Examples 6. Anticancer Activity of Surfactant Adhesive Protein Fused with Antimicrobial Peptide

(19) MD-MBA-231 cells were purchased from ATCC (Manassas, Va.). The breast cancer cells (5,000 cells/well), MD-MBA-231, were seeded in 96 well plate and cultured in DMEM media supplemented with 20% (v/v) horse serum and 1% (v/v) penicillin/streptomycin in a humidified incubator at 37° C. and 5% CO.sub.2. After 48 hr incubation, the cancer cells were treated with the surfactant adhesive protein fused with an anticancer peptide ILRWPWWPWRRK (SEQ ID NO. 33), AKRHHGYKRKFH (SEQ ID NO. 34), KLLLKLLKKLLKLLKKK (SEQ ID NO. 36), LKKLAKLALAF (SEQ ID NO: 38), and KLAKLAKKLAKLAK (SEQ ID NO: 42), respectively. As a negative control, mussel adhesive protein without any peptide motif was used. The proteins were dissolved at a concentration of 2.6 μg/mL, 26 μg/mL, 130 μg/mL, and 260 μg/mL in a distilled water. Cell viability was determined by CCK-8 assay following manufacturer's instruction.

(20) As seen in FIG. 3, all of them had anticancer tumor activity, depending on the concentration. Most cancer cells were killed at 130 μg/mL or higher concentration while the surfactant adhesive protein having KLLLKLLKKLLKLLKKK (SEQ ID NO. 36) is a promising anticancer peptide as it has strong anticancer activity at low concentration (26 μg/mL).
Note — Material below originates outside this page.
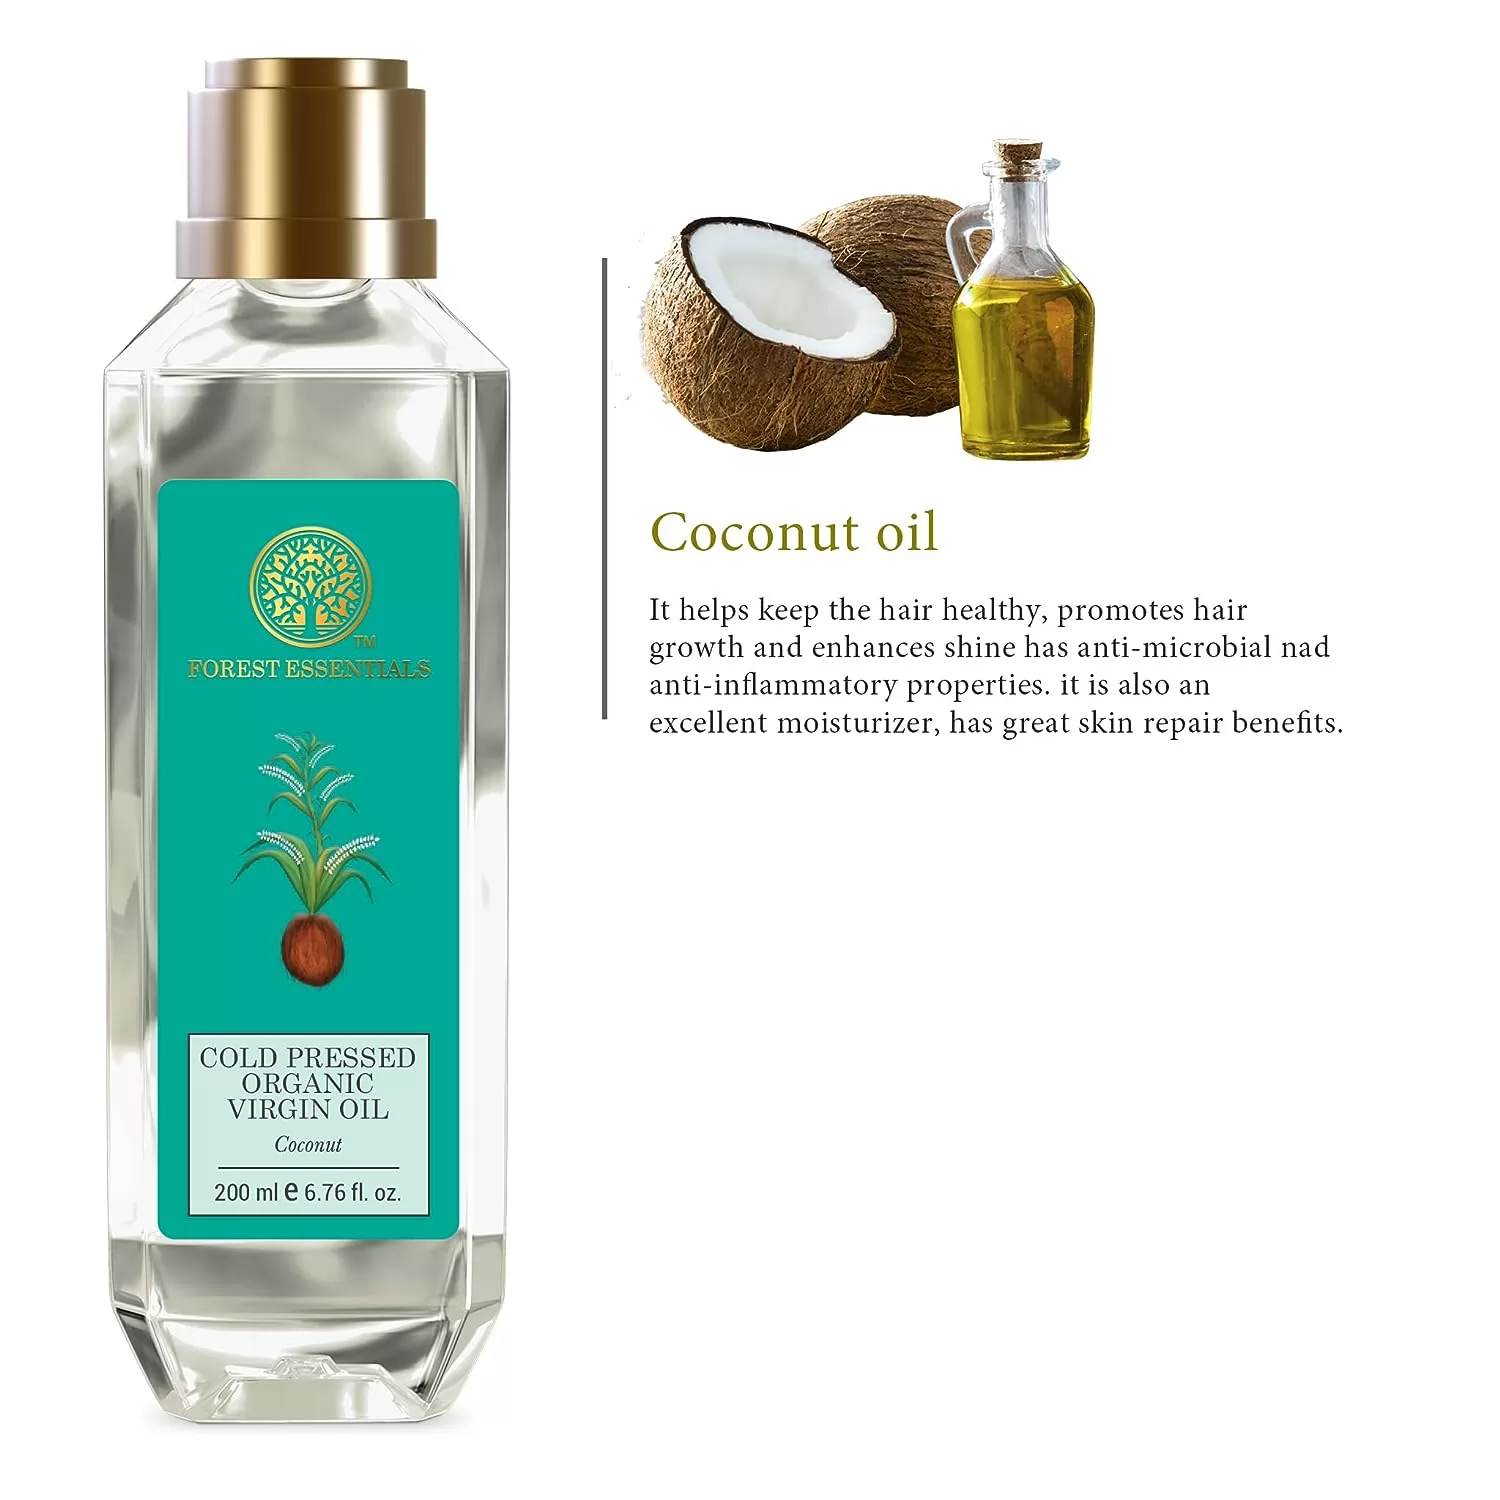  Forest Essentials Organic Cold Pressed Virgin Oil Coconut

Example 7. Cytotoxicity Assay of the Surfactant Adhesive Protein Fused with Antimicrobial Peptide

(21) As a model for cytotoxicity assay, Kidney Vero-E6 Cell Lines were purchased from ATCC (Manassas, Va.). The kidney cells were seeded in 96 well plate and cultured in DMEM media supplemented with 20% (v/v) horse serum and 1% (v/v) penicillin/streptomycin in a humidified incubator at 37° C. and 5% CO.sub.2. Cell viability was determined by CCK-8 assay following manufacturer's instruction. After 48 hr incubation, the kidney cells were treated with the same antimicrobial peptide containing proteins as set forth in the EXAMPLE 6.

(22) As seen in the FIG. 4, most antimicrobial peptide showed significant cytotoxic to kidney cells at 130 μg/mL or higher concentration but had little or less cytotoxicity at 26 μg/mL. Therefore, the antimicrobial peptide KLLLKLLKKLLKLLKKK (SEQ ID NO. 36) containing protein can be used for safe anti-cancer agent.